C'est la même démarche - le même cheminement intellectuel - qui peut nous entrainer très loin si nous n'y prenons pas garde.

Ici, au Front National, vous
savez que nous y prenons
garde. Que nous nous
soucions tout autant de
politique, d'économie,
d'immigration, etc. que de
détails comme réapprendre
aux jeunes écoliers notre
hymne national ou leur
redonner des cours
d'Instruction Civique à l'école.

Il n'y a pas que l'avenir économique de la France qui soit en jeu dans les années à venir. Il y a aussi tout un mode de vie, toute une culture, une façon d'appréhender le monde, jusqu'à une manière de penser qui est différente de celle de ses voisins.
Et c'est tout cela qui est appelé à disparaître peu à peu si nous nous laissons dicter nos vies et nos pensées par des Mustapha Kessous(1).

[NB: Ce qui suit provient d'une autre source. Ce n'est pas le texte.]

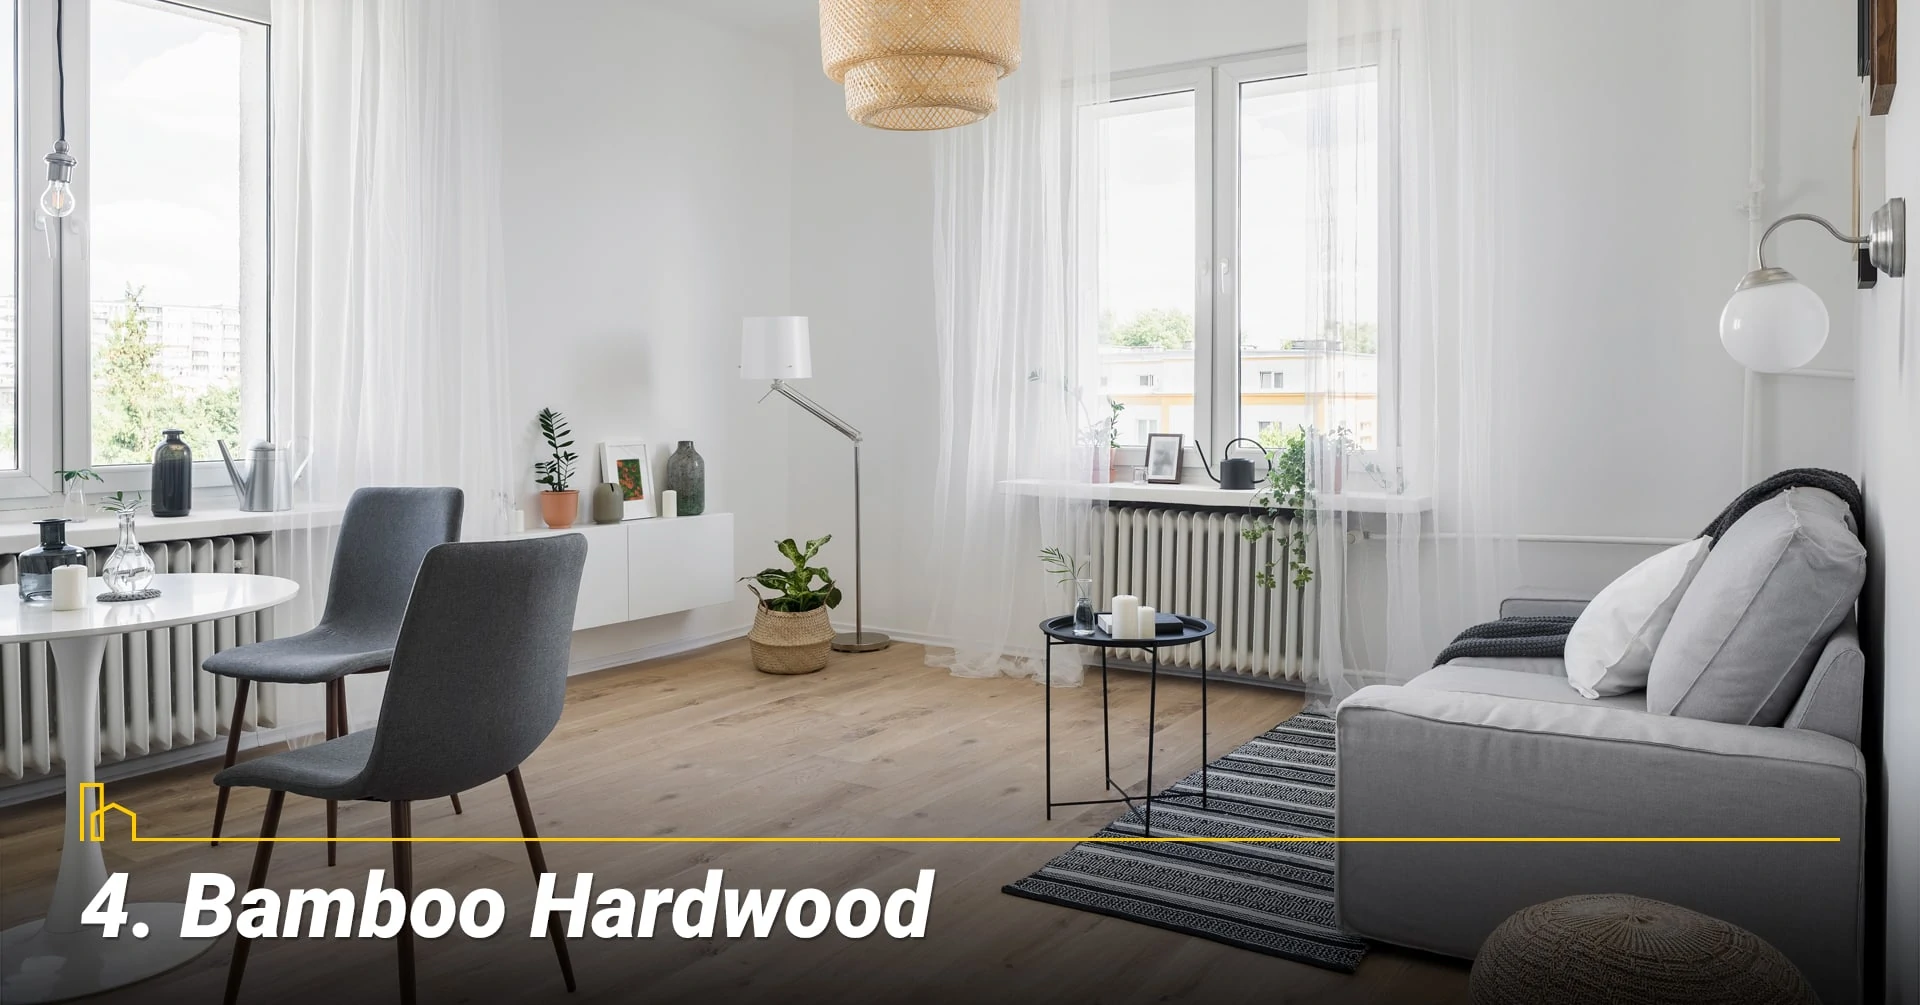 Bamboo Hardwood, cover your floor with bamboo hardwood

Saviez-vous que les média et l'environnement économique désastreux de la France ont réussi à instiller le désespoir dans le coeur de nos enfants, à tel point que 75% d'entre ne bâtissent plus de projets pour leur avenir mais rêvent de devenir fonctionnaires dès la classe de 6ème ? Nous voulons qu'ils se voient en pilotes de fusée, en grand homme d'affaire, en pompier, en architecte, etc... Bref, qu'ils rêvent à nouveau !
Pas qu'ils décident de tuer leur père pour rien !

(1) Note à ceux qui voudraient voir du racisme dans ce propos et/ou dans cette phrase.
M. Kessous est ici considéré comme auteur d'un article dont nous ne partageons nullement la vision qu'il a de ce malheureux fait divers. Ni d'ailleurs les commentaires auxquels il se livre.